[cfe-dev] [llvm-dev] put "str" in __attribute__((annotate("str"))) to dwarf

Adrian Prantl via cfe-dev cfe-dev at lists.llvm.org
Wed Jun 16 09:43:20 PDT 2021



> On Jun 14, 2021, at 6:44 PM, David Blaikie via llvm-dev <llvm-dev at lists.llvm.org> wrote:
> 
> 
> 
> On Mon, Jun 14, 2021 at 4:54 PM David Rector <davrecthreads at gmail.com <mailto:davrecthreads at gmail.com>> wrote:
> 
> 
>> On Jun 14, 2021, at 5:33 PM, Y Song via cfe-dev <cfe-dev at lists.llvm.org <mailto:cfe-dev at lists.llvm.org>> wrote:
>> 
>> On Mon, Jun 14, 2021 at 1:25 PM David Blaikie <dblaikie at gmail.com <mailto:dblaikie at gmail.com>> wrote:
>>> 
>>> 
>>> 
>>> On Mon, Jun 14, 2021 at 12:25 PM Y Song <ys114321 at gmail.com <mailto:ys114321 at gmail.com>> wrote:
>>>> 
>>>> On Fri, Jun 11, 2021 at 9:59 AM Alexei Starovoitov
>>>> <alexei.starovoitov at gmail.com <mailto:alexei.starovoitov at gmail.com>> wrote:
>>>>> 
>>>>> On Fri, Jun 11, 2021 at 07:17:32AM -0400, Aaron Ballman wrote:
>>>>>> On Thu, Jun 10, 2021 at 8:47 PM Alexei Starovoitov
>>>>>> <alexei.starovoitov at gmail.com <mailto:alexei.starovoitov at gmail.com>> wrote:
>>>>>>> 
>>>>>>> On Thu, Jun 10, 2021 at 12:42 PM David Blaikie <dblaikie at gmail.com <mailto:dblaikie at gmail.com>> wrote:
>>>>>>>> 
>>>>>>>>>> 
>>>>>>>>>> 
>>>>>>>>>> Any suggestions/preferences for the spelling, Aaron?
>>>>>>>>> 
>>>>>>>>> I don't know this domain particularly well, so takes these suggestions
>>>>>>>>> with a giant grain of salt:
>>>>>>>>> 
>>>>>>>>> If the concept is specific to DWARF and you don't think it'll need to
>>>>>>>>> extend into other debug formats, you could go with `dwarf_annotate`.
>>>>>>>>> If it's not really a DWARF thing but is more about B[P|T]F, then
>>>>>>>>> `btf_annotate`  or `bpf_annotate` could work, but those may be a bit
>>>>>>>>> mysterious to folks outside of the domain.

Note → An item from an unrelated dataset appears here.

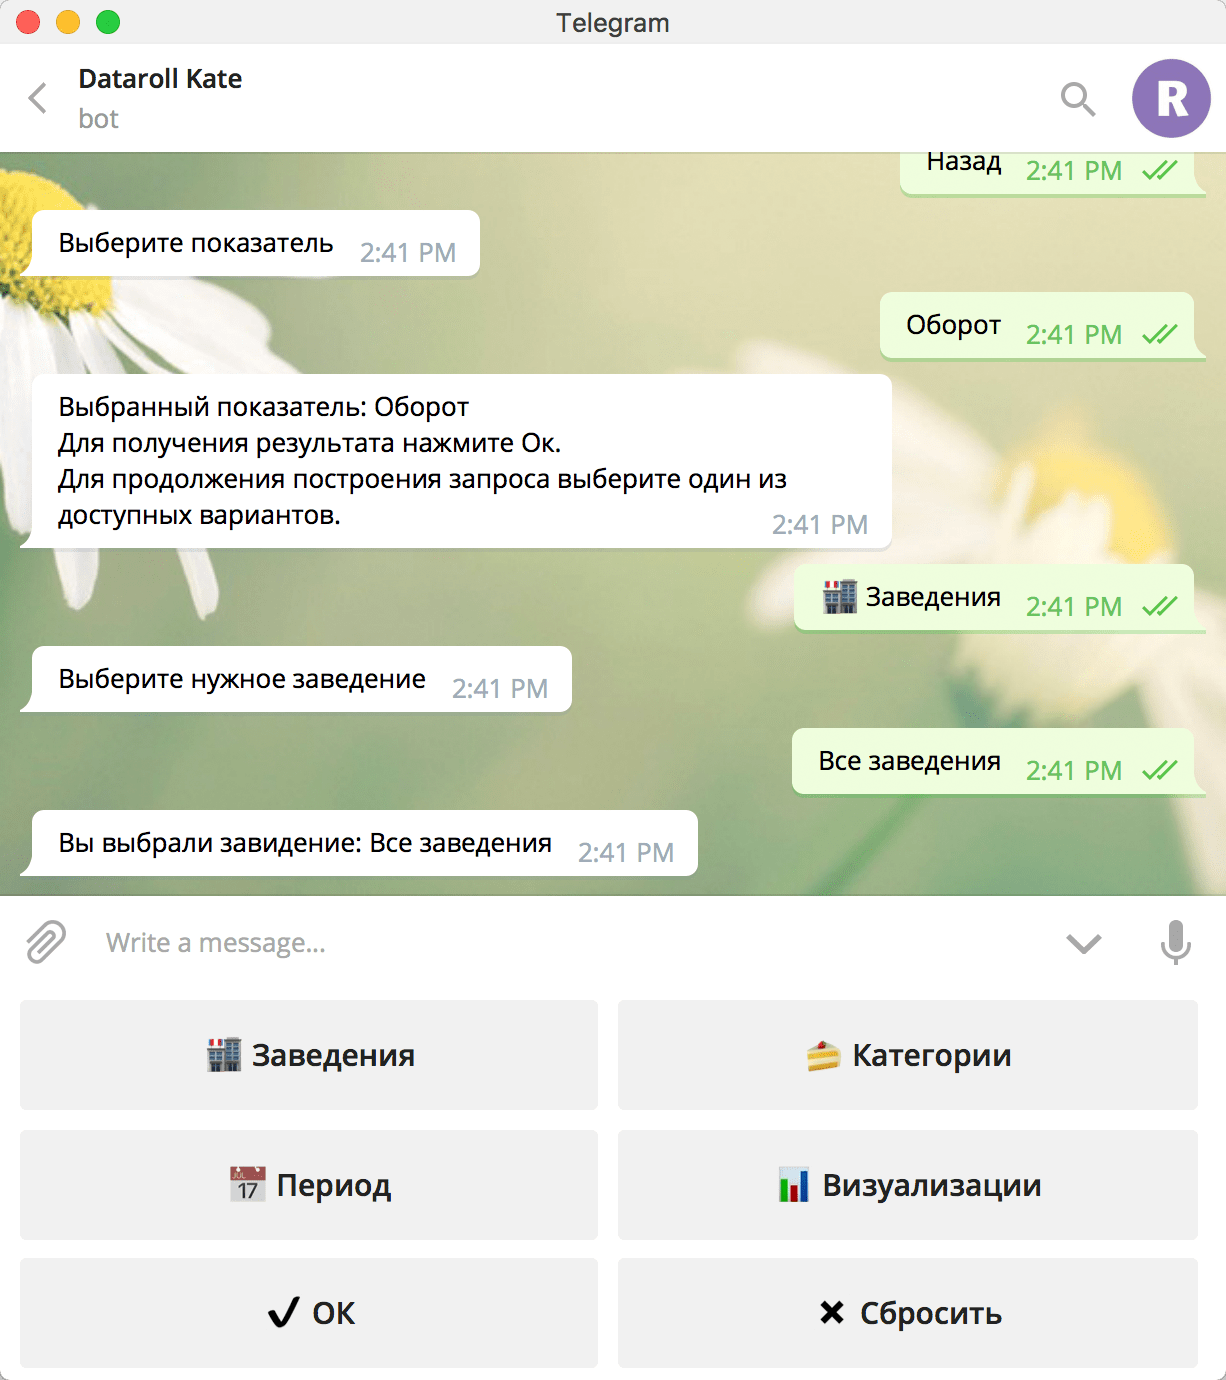 Основные показатели продаж в Telegram-чате.
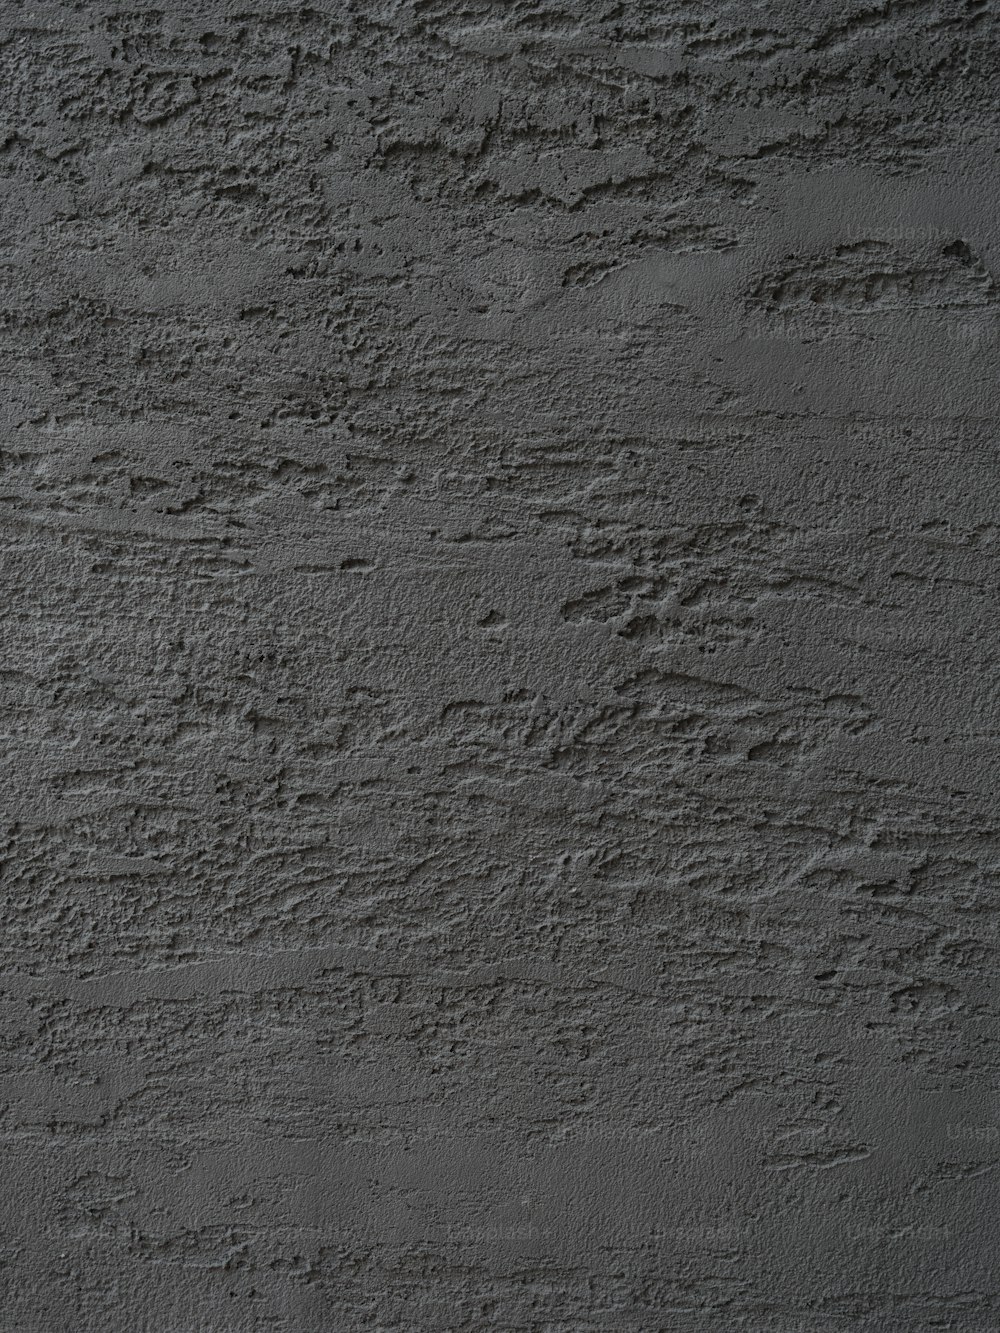 uma foto em preto e branco de uma parede de concreto

If it's a generic debug
>>>>>>>>> info concept, probably `debug_info_annotate` or something.
>>>>>>>> 
>>>>>>>> 
>>>>>>>> Arguably it can/could be a generic debug info or dwarf thing, but for now we don't have any use for it other than to squirrel info along to BTF/BPF so I'm on the fence about which prefix to use exactly
>>>>>>>> 
>>>>>>> 
>>>>>>> A bit more bike shedding colors...
>>>>>>> 
>>>>>>> The __rcu and __user annations might be used by the clang itself eventually.
>>>>>>> Currently the "sparse" tool is doing this analysis and warns users
>>>>>>> when __rcu pointer is incorrectly accessed in the kernel C code.
>>>>>>> If clang can do that directly that could be a huge selling point
>>>>>>> for folks to switch from gcc to clang for kernel builds.
>>>>>>> The front-end would treat such annotations as arbitrary string, but
>>>>>>> special "building-linux-kernel-pass" would interpret the semantical context.
>>>>>> 
>>>>>> Are __rcu and __user annotations notionally distinct things from bpf
>>>>>> (and perhaps each other as well)? Distinct enough that it would make
>>>>>> sense to use a different attribute name for user source for each need?
>>>>>> I suspect the answer is yes given that the existing annotations have
>>>>>> their own names which are distinct, but I don't know this domain
>>>>>> enough to be sure.
>>>>> 
>>>>> __rcu and __user don't overlap. __rcu is not a single annotation though.
>>>>> It's a combination of annotations in pointers, functions, macros.
>>>>> Some functions have:
>>>>> __acquires(rcu)
>>>>> another function might have:
>>>>> __acquires(rcu_bh)
>>>>> There are several flavors of the RCU in the kernel.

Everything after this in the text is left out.